Vamos lembrar que, até chegar ao Flamengo no meio do ano passado, Petkovic já era dado como ex-jogador em atividade. Entrou no clube pela porta dos fundos, sem que quase ninguém por lá tomasse conhecimento. Mas o gringo sabia que estava por baixo e resolveu trabalhar; treinou, se preparou. Como não havia no elenco ninguém para ocupar a posição de meia de criação e ele mostrava serviço nos treinos, teve sua chance. Entrou com humildade e, na bola, ganhou seu lugar.

O problema todo é que, com o sucesso, seu ego foi inflado. Já no fim do ano passado, suas atuações foram caindo de nível. Em boa parte, claro, por problemas físicos; Pet já não é nenhum garoto e sofreu uma contusão muscular que o prejudicou. Mas muito também porque, além de ter resolvido capitalizar a popularidade em mil eventos extracampo, passou a jogar no gramado de maneira bem menos modesta - não só correndo menos, mas tentando decidir a partida a cada lance, sempre partindo para lançamentos improváveis ou penetrações impossíveis toda vez que pegava na bola. No entanto, isso foi no fim do campeonato, ele já havia deixado sua marca na campanha (e, pra mim, foi mesmo o grande diferencial técnico no time que arrancou para o título) e a conquista fez sumir todos os erros que pudessem ter sido cometidos, por ele e por todos os outros que lá estavam.

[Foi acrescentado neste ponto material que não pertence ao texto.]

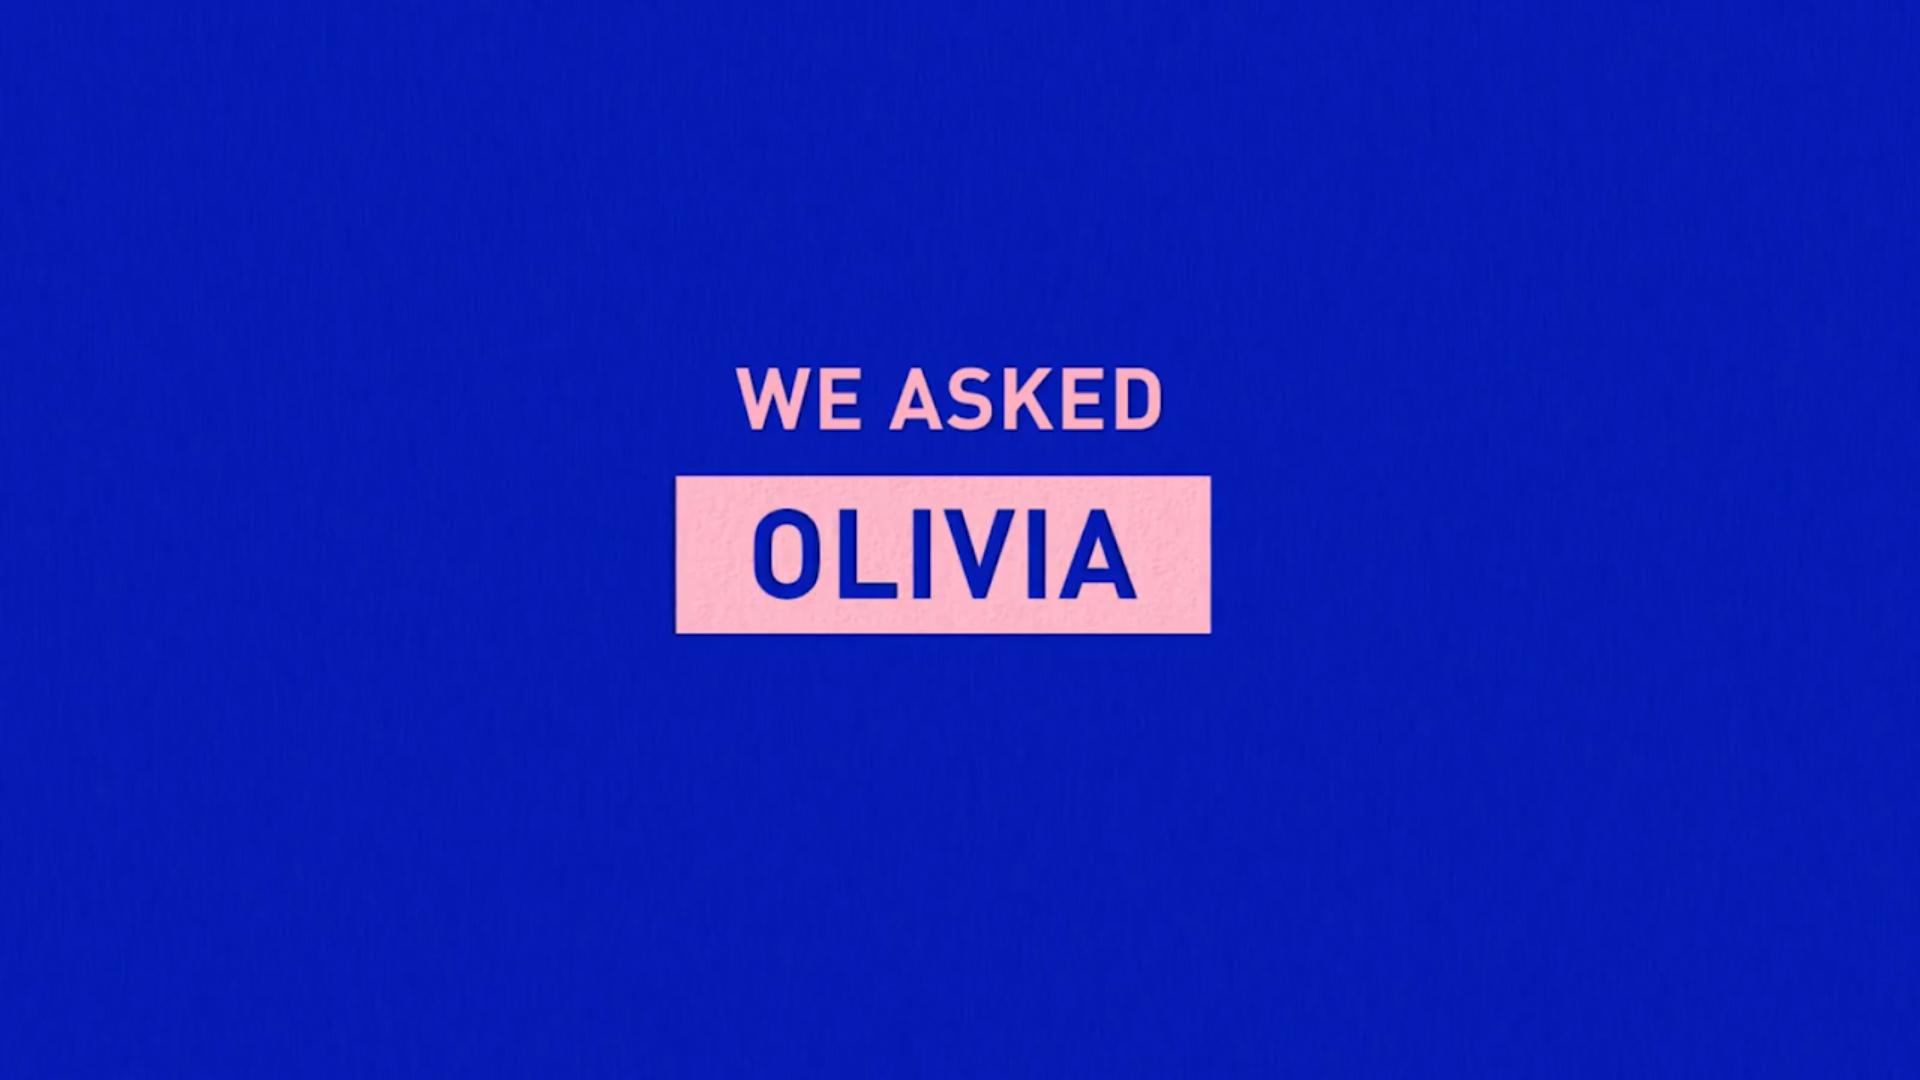 we asked olivia splash image
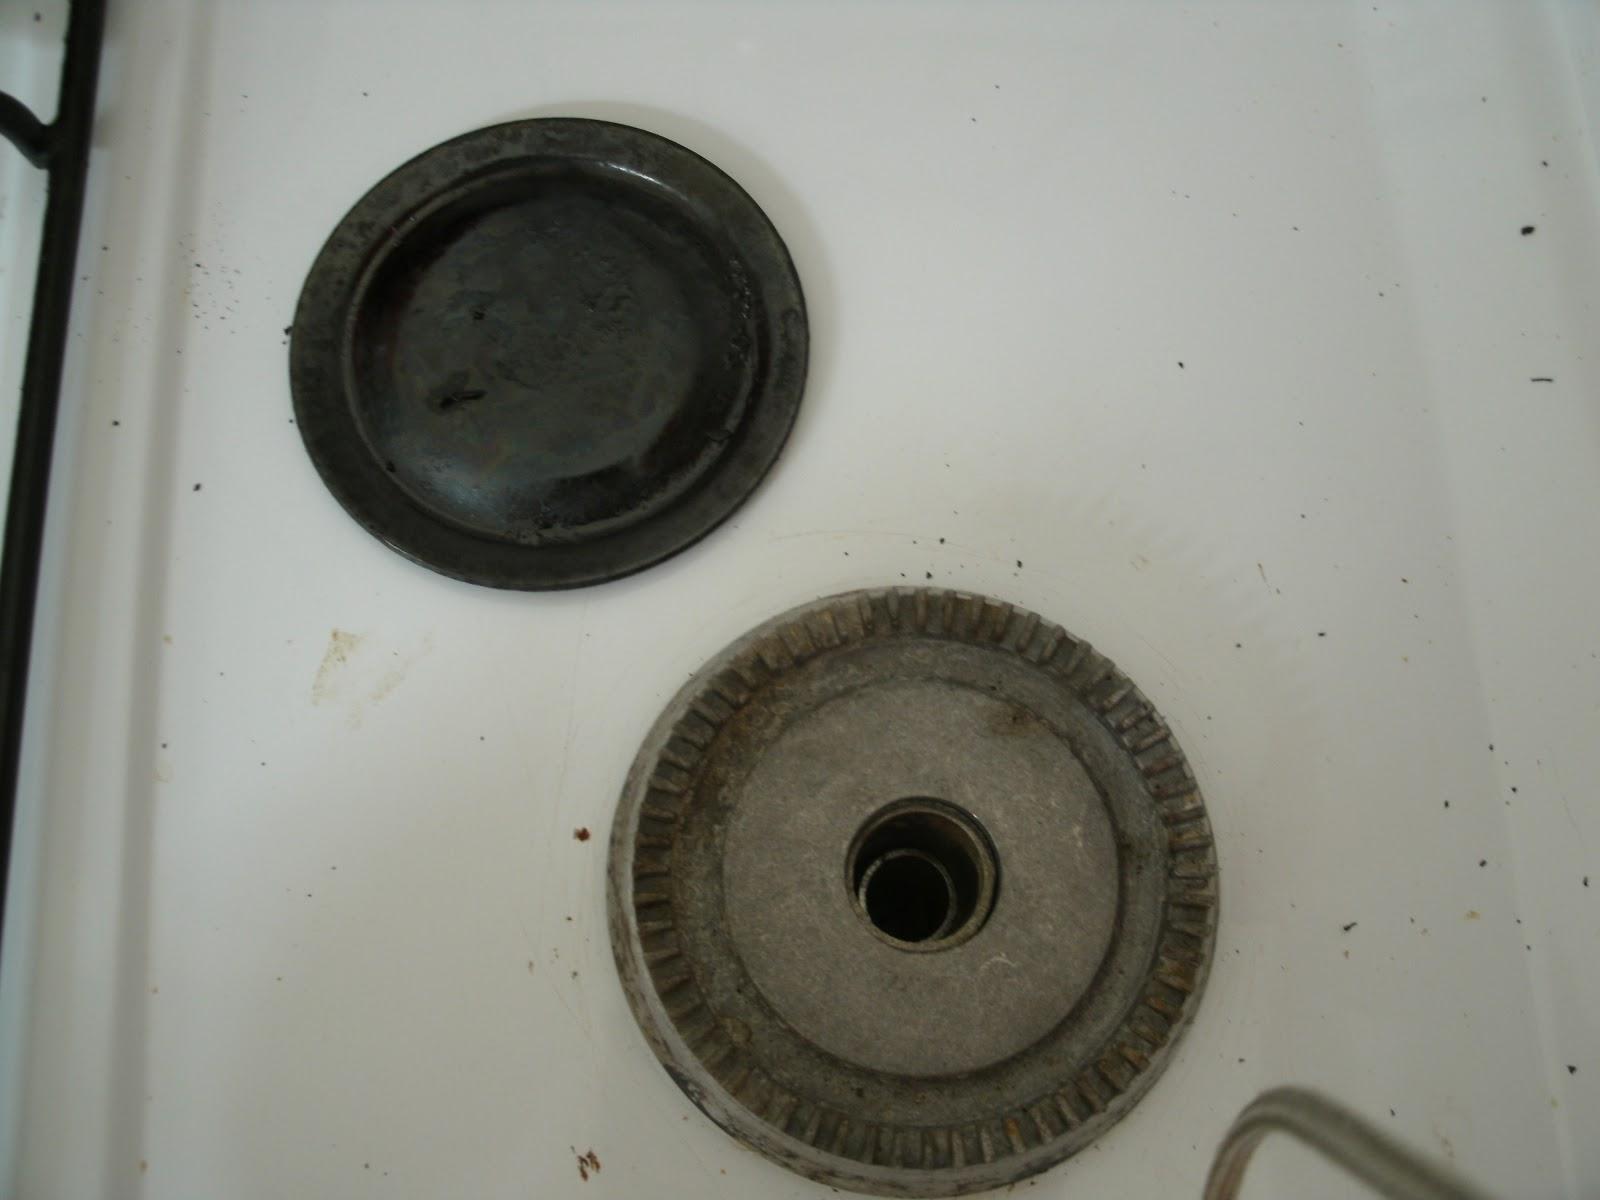 Limpiar hornallas tapadas medidas de cajones de estacionamiento para - Limpiar quemadores cocina gas ...

A questão é que, este ano, Pet voltou mostrando a mesma falta de humildade, dentro e fora de campo. E, no momento, está regredindo à mesma situação em que chegou à Gávea: relegado a segundo plano por todos, sem espaço no time. O tal peixe fora d´água. Eu mesmo tinha sérias dúvidas, desde antes da temporada começar, se ele seria capaz de continuar jogando em alto nível em 2010 - e elas vão ficando cada vez maiores agora, não só para mim.

Se Petkovic quer sair por cima desta sua passagem pelo Flamengo, é o momento de perceber que, se a situação é parecida, a solução é exatamente a mesma do ano passado: trabalho e humildade. Até porque a situação do time também tem algo em comum com a de 2009: não há outro meia de criação no elenco pronto para pegar o lugar de camisa 10 (Adriano usa o número nas costas, mas vocês entenderam do que estou falando). Hoje, o time de Andrade joga praticamente com três volantes - Toró (guardando vaga para Maldonado), Willians e Kléberson - e três atacantes - Adriano, Love e Vinícius Pacheco. Este último anda sendo muito exaltado, e tem mesmo se mostrado surpreendentemente útil; mas não é um armador, daqueles de aparecer no meio e fazer a bola correr, e sim alguém que gosta de correr com a bola e que precisa de espaço para isso para aparecer realmente bem. Pacheco pode ser um substituto para o que Zé Roberto fazia ano passado, e não para Petkovic. O time pode até ir vencendo sem ter este homem; afinal, são todos bons jogadores e podem ir se virando, encontrando soluções. Mas o Brasileiro do ano passado mostrou a diferença que faz ter um grande armador.

Com todos os problemas, Andrade ainda tem dado oportunidades para Petkovic entrar em campo. Provavelmente teria iniciado a partida contra o Macaé, se estivesse liberado pelo departamento médico. Se estiver bem, deve jogar amanhã - se não de início, com certeza durante a partida. Ou seja: espaço para mostrar serviço ele ainda vai ter. Resta saber se saberá aproveitá-lo. Até porque andam dizendo por aí que a diretoria já anda pensando em um nome para ocupar o espaço que, por enquanto, ainda está ao alcance de suas atuações.

6 comentários:

Marco Antonio disse...

E o Ramon nesse time?

André Monnerat disse...

Marco Antonio, eu vou ter um pouco mais de calma pra falar de Ramon. Por enquanto, o cara só jogou 20 minutos contra o Macaé...

Tiago Cordeiro disse...

Qual o twitter desse jornalista?

André Monnerat disse...

Ih, esqueci de incluir o link - acabei de colocar no texto. É http://twitter.com/CaioBarbosa

Bosco Ferreira disse...

O Ramon tem as mesmas caracteristicas do Vinicios Pacheco. O Pet ainda será útil na LA. Jogador na posição dele é muito raro se quisermos um no nível dele.

Renato Freire disse...

Ótima análise. Não há o que acrescentar. Resta agora ver o que o Ramon é capaz de fazer em campo.